Q. But doesn’t this money go to the family?

A. The state can’t write checks to private schools and choose to maintain the private schools, but certainly, the state can give a benefit to families who are allowed to use it in a variety of ways. Many universities offer online courses popular with correspondence program families. The state doesn’t even know if the money is going to a private institution. We analogize to a food stamp program. No one says this is a program for the direct benefit of Safeway or Aldi. The state’s not choosing an institutional beneficiary. The beneficiary is the individual who needs help getting food. And in this case, it’s the families who need help with educational expenses.

Q. What arguments are the plaintiffs using to make the case that this is a direct benefit to private institutions?

A. The case plaintiffs are relying on, Sheldon Jackson v. State, involves a scholarship tuition grant program for college students attending private universities in Alaska. The program was struck down as a violation of Article 7, Section 1, which is known as “the education clause” of the state constitution. In this case, only students going to private schools were eligible to participate in the program. All money given to students was used for tuition at private universities.

Q. What is the Alaska Department of Education and the Institute for Justice using as a defense?

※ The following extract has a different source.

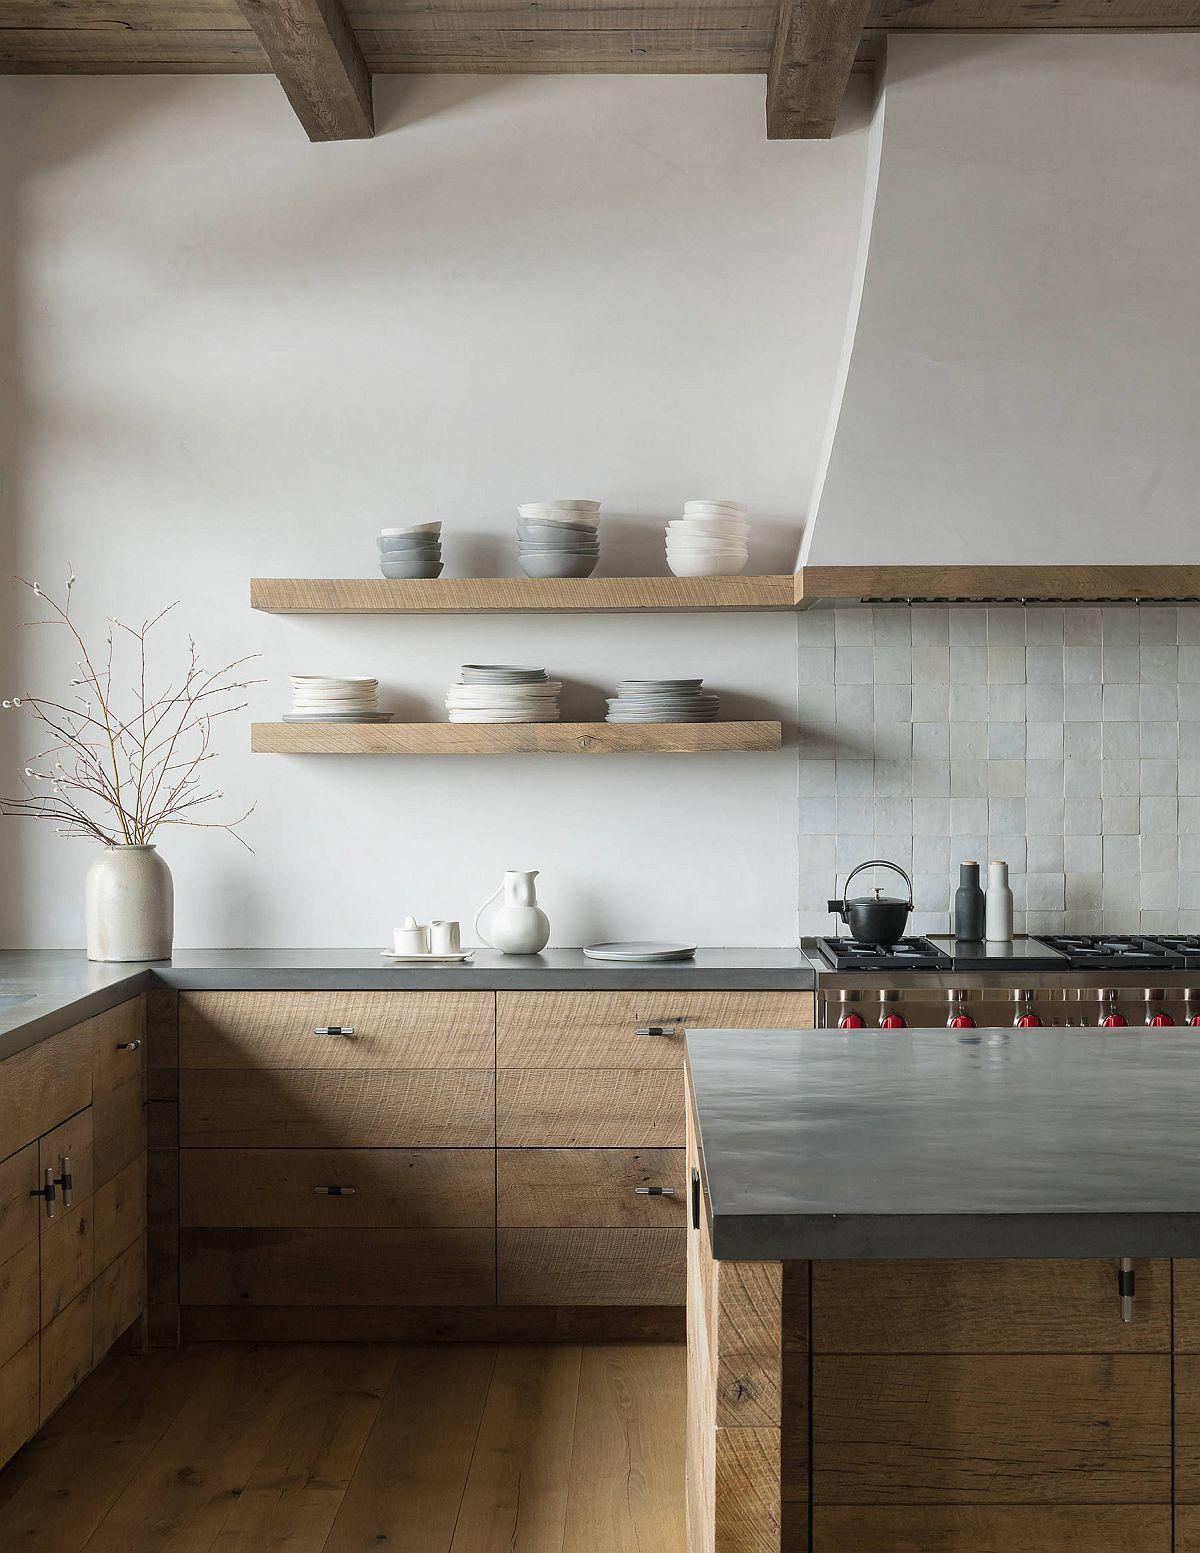 Le bois et le blanc sont une palette de couleurs populaire dans la cuisine moderne

A. Our argument is that even if you maintain that the Sheldon Jackson case was correctly decided, here, the families, in this case, have the ability to choose between public and private goods and services and use their allotments in a wide variety of ways. It’s not limited as it was in that case.

Q. What happens if the court sees it differently and sides with the plaintiffs?

A. If the court is inclined to read the Alaska Constitution in a much broader way, if it prevents any funding that might end up at a private institution, they are bringing the Alaska Constitution into direct conflict with the U.S. Constitution. The U.S. Supreme Court said in case law that is 100 years old that parents’ fundamental liberty interest in the control and upbringing of and education of their children is protected by the U.S. Constitution. And case law says part of that is the choice to send a child to private schools. If you read the Alaska Constitution in a very broad way to say the Legislature can never give any benefit to families that choose private schools, you are making it so that a group of people who are exercising a fundamental liberty interest that is protected by the U.S. Constitution explicitly in case law  can never get benefits from the state in the same way that other groups can, and that’s unconstitutional under the U.S. Constitution.